Doohan, who started from pole position, won both sections of the race which was split in two when rain prompted officials to call a halt with 11 laps completed.

Honda rider Carlos Checa, of Spain, who was in second place when the race was interrupted, came third in the second part of the 20-lap race to take second place overall ahead of Italian Aprilia rider Doriano Romboni.

"Conditions were definitely tricky today and had it not been for a five- minute delay for some reason we would have completed enough of the race distance in race one and we wouldn't have had to take so many risks in race two," Doohan said.

The fast changing weather conditions made it hard for riders to decide which tyres to put on for the second part of the race. "We had to take a gamble with an intermediate in the rear and a wet on the front," Doohan said.

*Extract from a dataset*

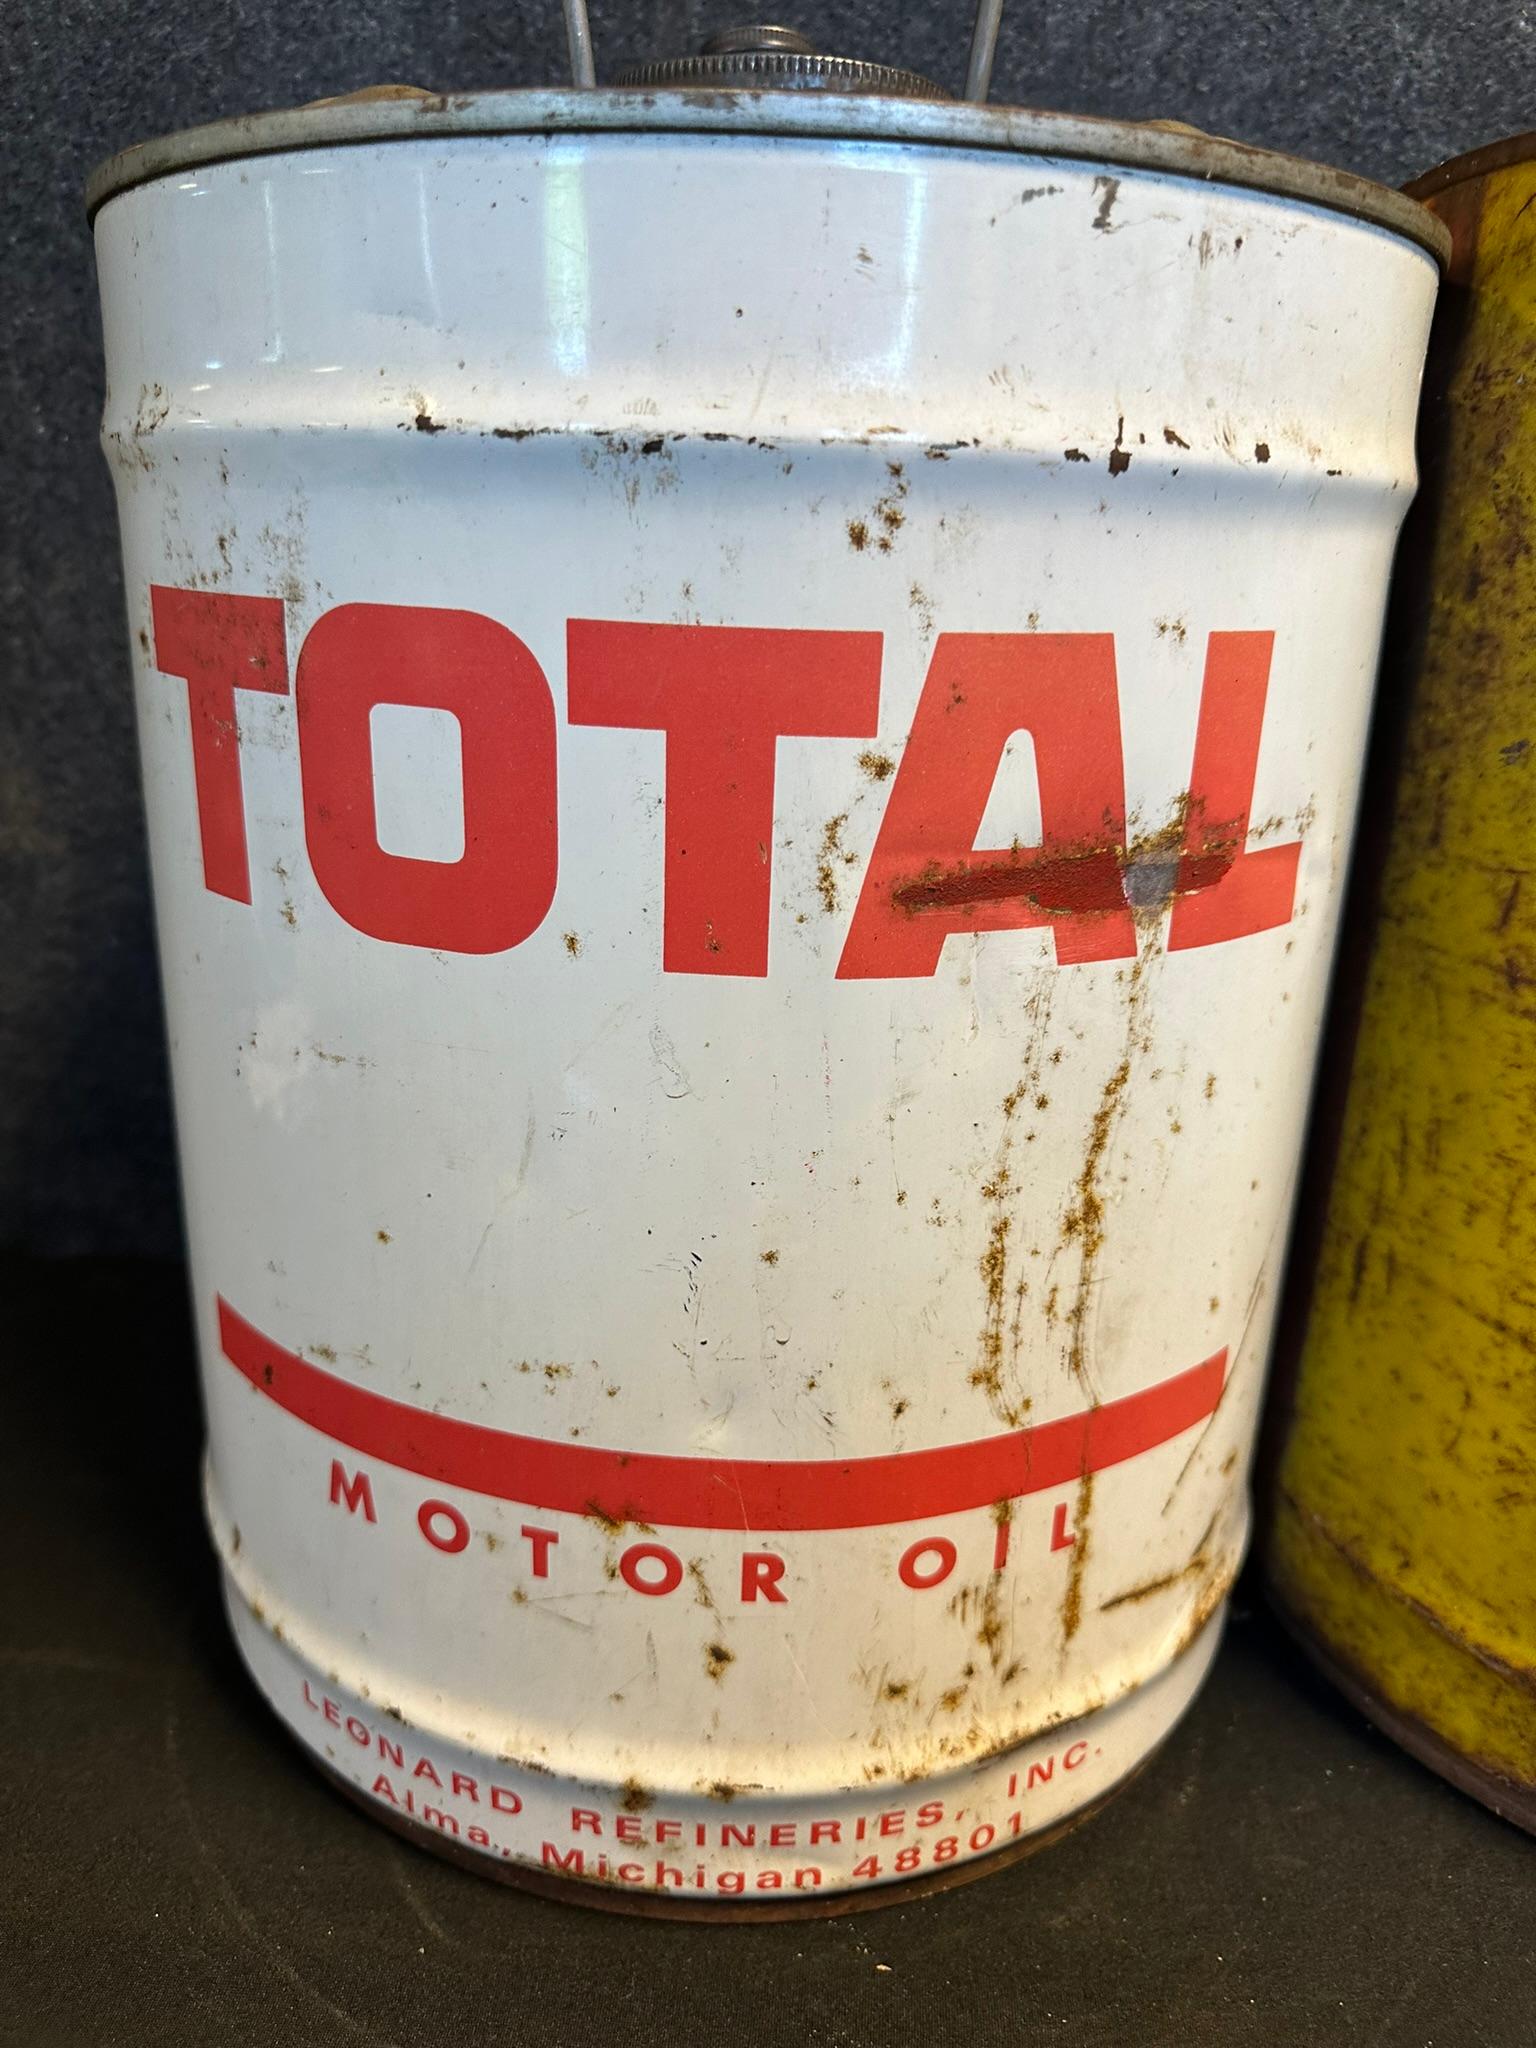 Total, Pennzoil & Reeves Lot of 3 5 Gallon Motor Oil Cans

In the 250cc class, Japan's Tetsuya Harada, riding an Aprilia, surged past Honda rider Ralf Waldmann, of Germany, in the final kilometre to win his second consecutive race. Waldmann snatched the championship lead from Italian Max Biaggi, who was disqualified for failing to comply with a stop-and-go penalty given after mechanics continued to work on his bike on the circuit less than three minutes before the start of the warm-up lap.

Italian teenager Valentino Rossi toyed with the opposition en route to his fifth victory of the season in the 125cc category to extend his championship lead to 33 points over Noboru Ueda of Japan.